Semantic segmentation is a fundamental problem of computer vision that requires answering what is where in a given image, video or 3D point cloud. The best performing recent techniques require human annotations to obtain ground truth used to train deep neural networks. Such annotation is costly and time consuming to obtain. Consequently, in this project, we address the following two questions:
- How to acquire accurate training data with minimal human cost [ ]?
- How to build fast and efficient models for test time inference leveraging the collected data [ ], [ ]?

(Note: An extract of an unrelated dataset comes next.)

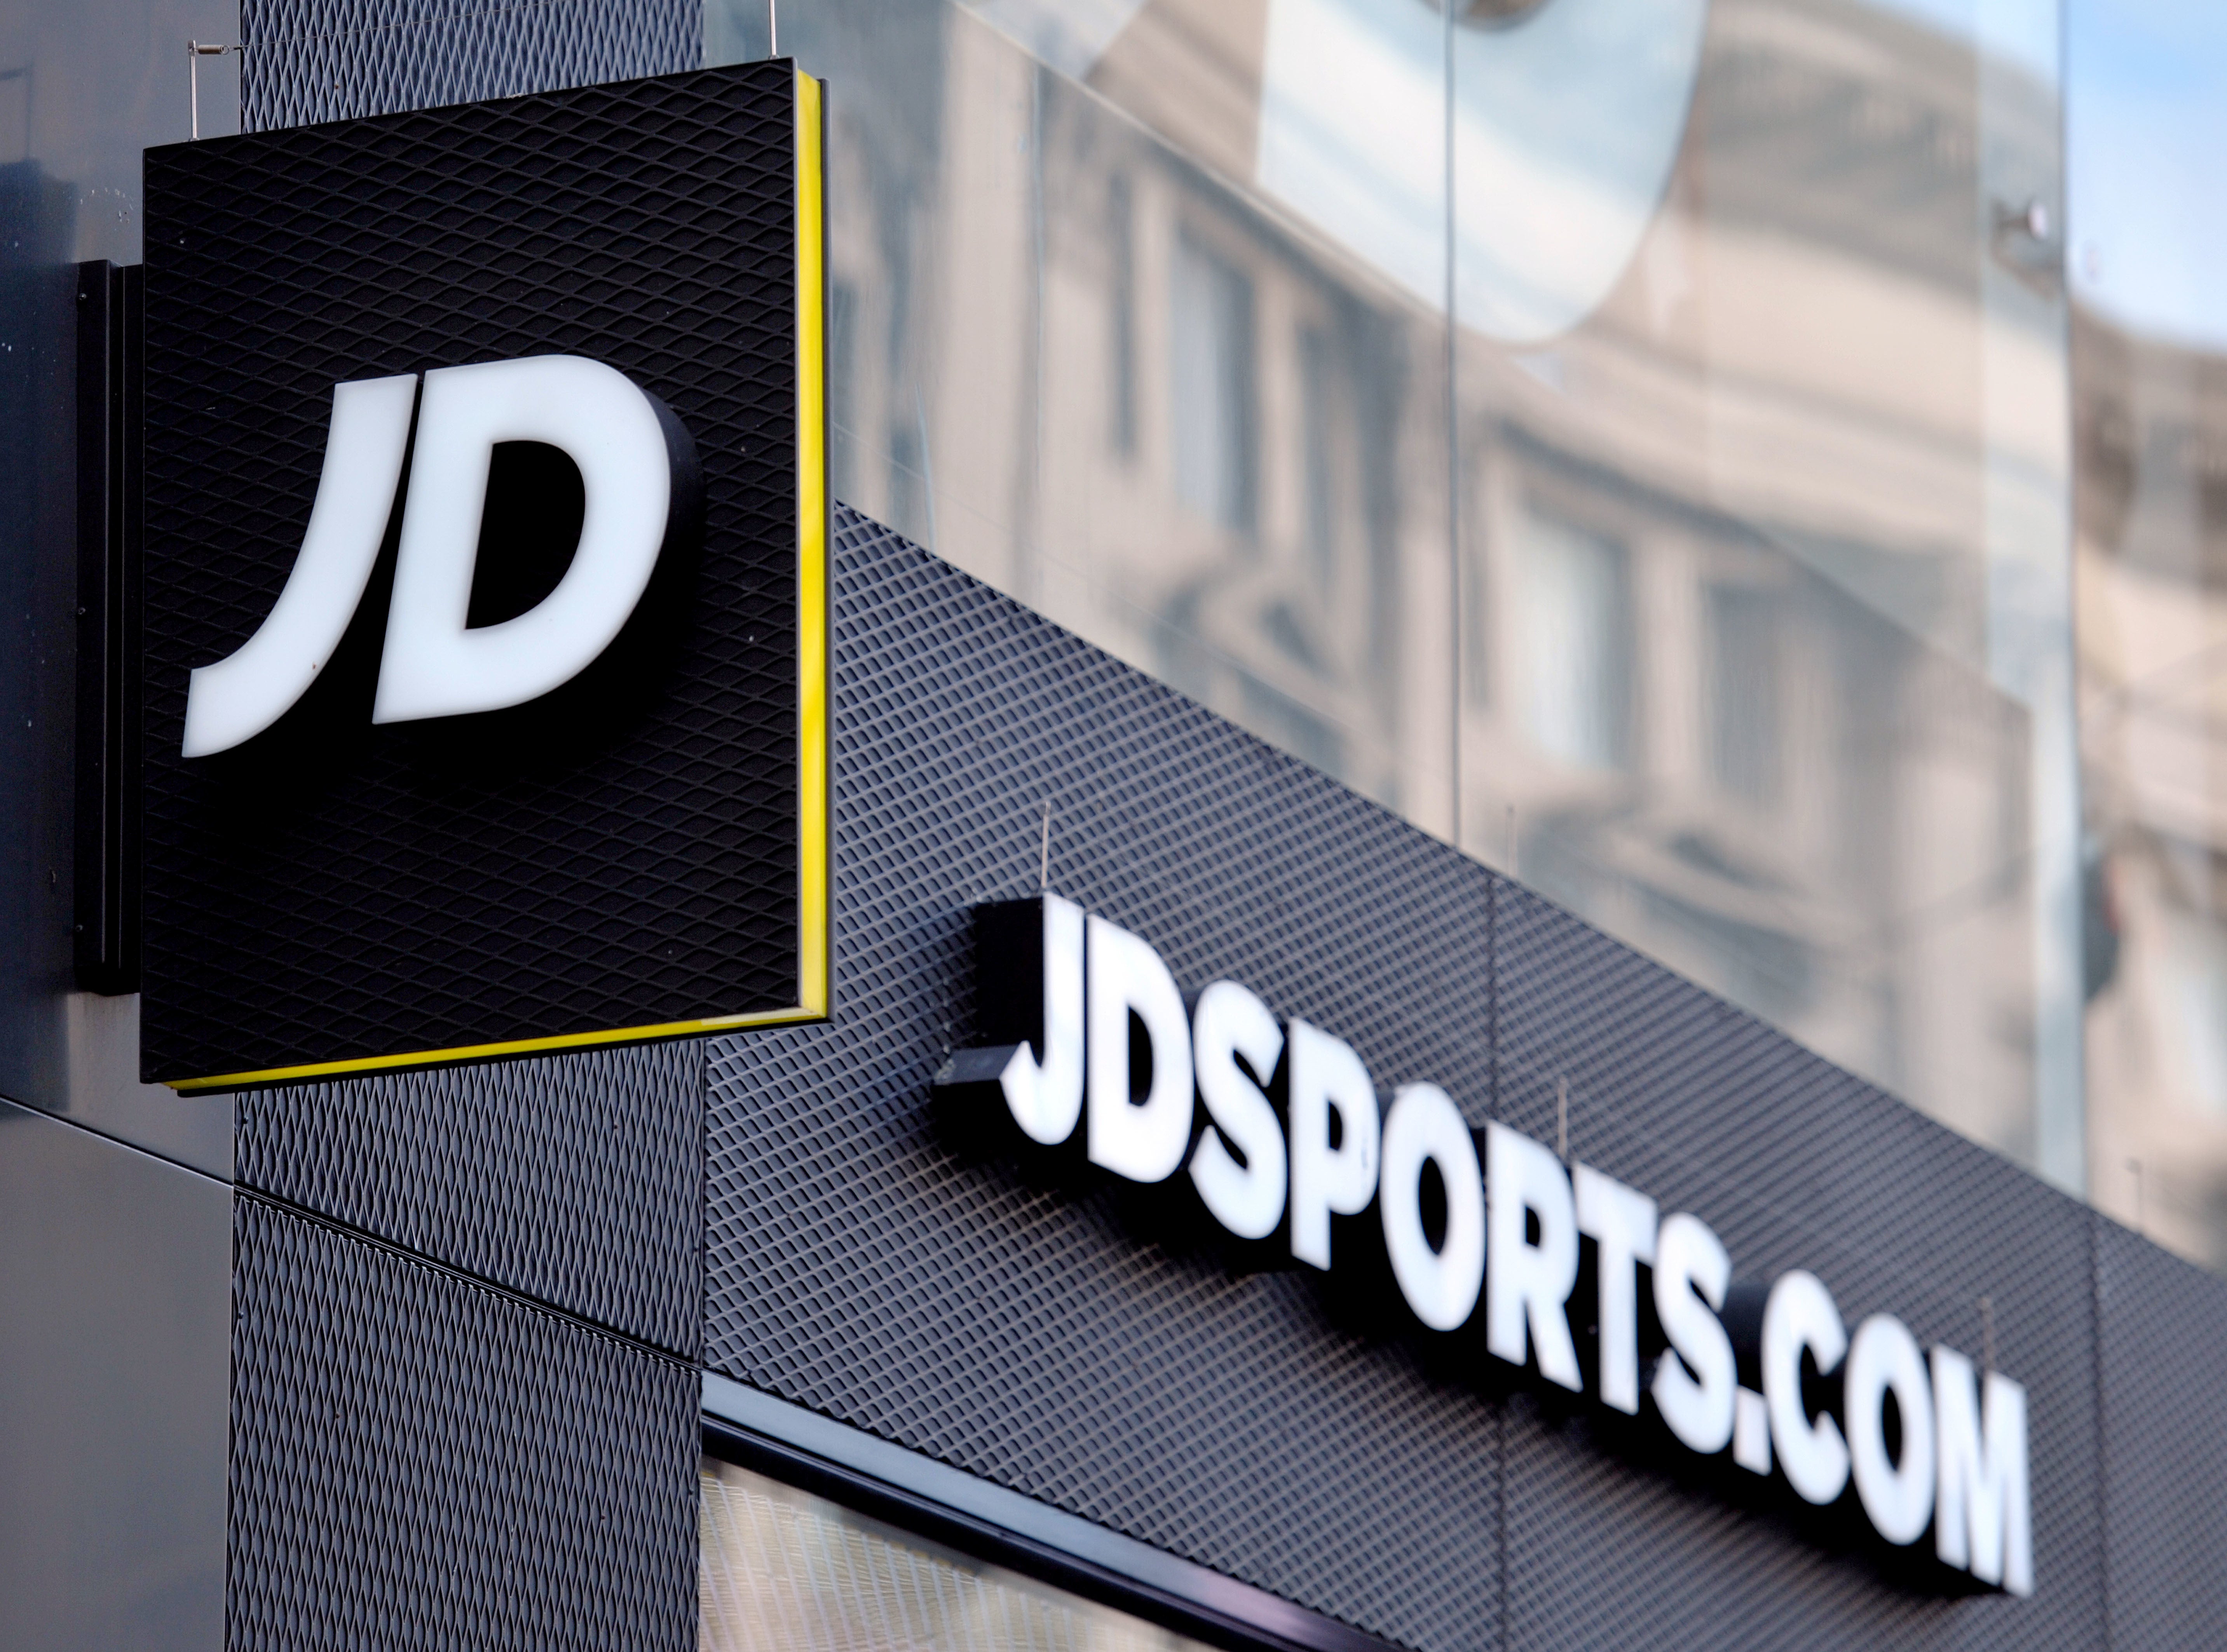 JD Sports received a fine of £1.48 million (Nick Ansell/PA)
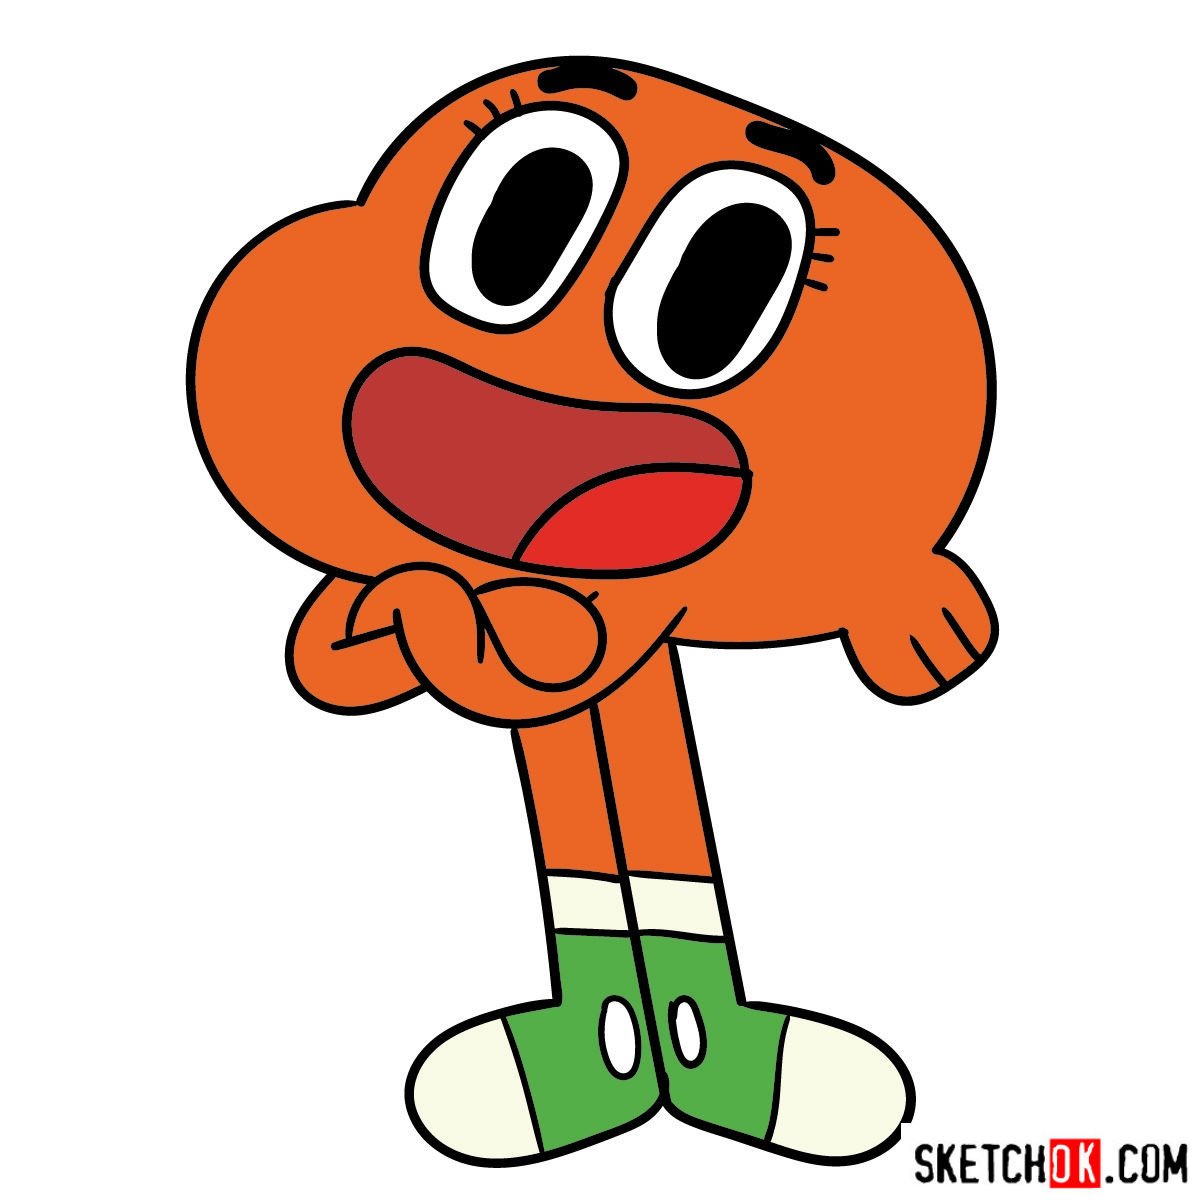 How to draw The Amazing World of Gumball characters SketchOk

In [ ], we developed a scalable technique to generate pixelwise annotations for images. For a given 3D reconstructed scene, we annotate static elements in a rough manner and transfer annotations into the image domain using a novel label propagation technique leveraging geometric constraints. We leverage our method to obtain 2D labels for a novel suburban video dataset that we have collected, resulting in 400k semantic and instance image annotations.
In [ ], [ ] we introduced fast and efficient techniques for semantic segmentation to propagate information using well established Auto-Context and Bilateral filter techniques.
Bilateral filters have wide spread use due to their edge-preserving properties. We generalize the approach to derive a gradient descent algorithm so the filter parameters can be learned from data [ ]. This allows us to learn high dimensional linear filters that operate in sparsely populated feature spaces. We build on the permutohedral lattice construction for efficient filtering.
We further introduce a new "bilateral inception" module [ ] that can be inserted in existing CNN architectures and performs bilateral filtering, at multiple feature-scales, between superpixels in an image. The feature spaces for bilateral filtering and other parameters of the module are learned end-to-end using standard backpropagation techniques. The bilateral inception module addresses two issues that arise with general CNN segmentation architectures. First, this module propagates information between (super) pixels while respecting image edges, thus using the structured information of the problem for improved results. Second, the layer recovers a full resolution segmentation result from the lower resolution solution of a CNN.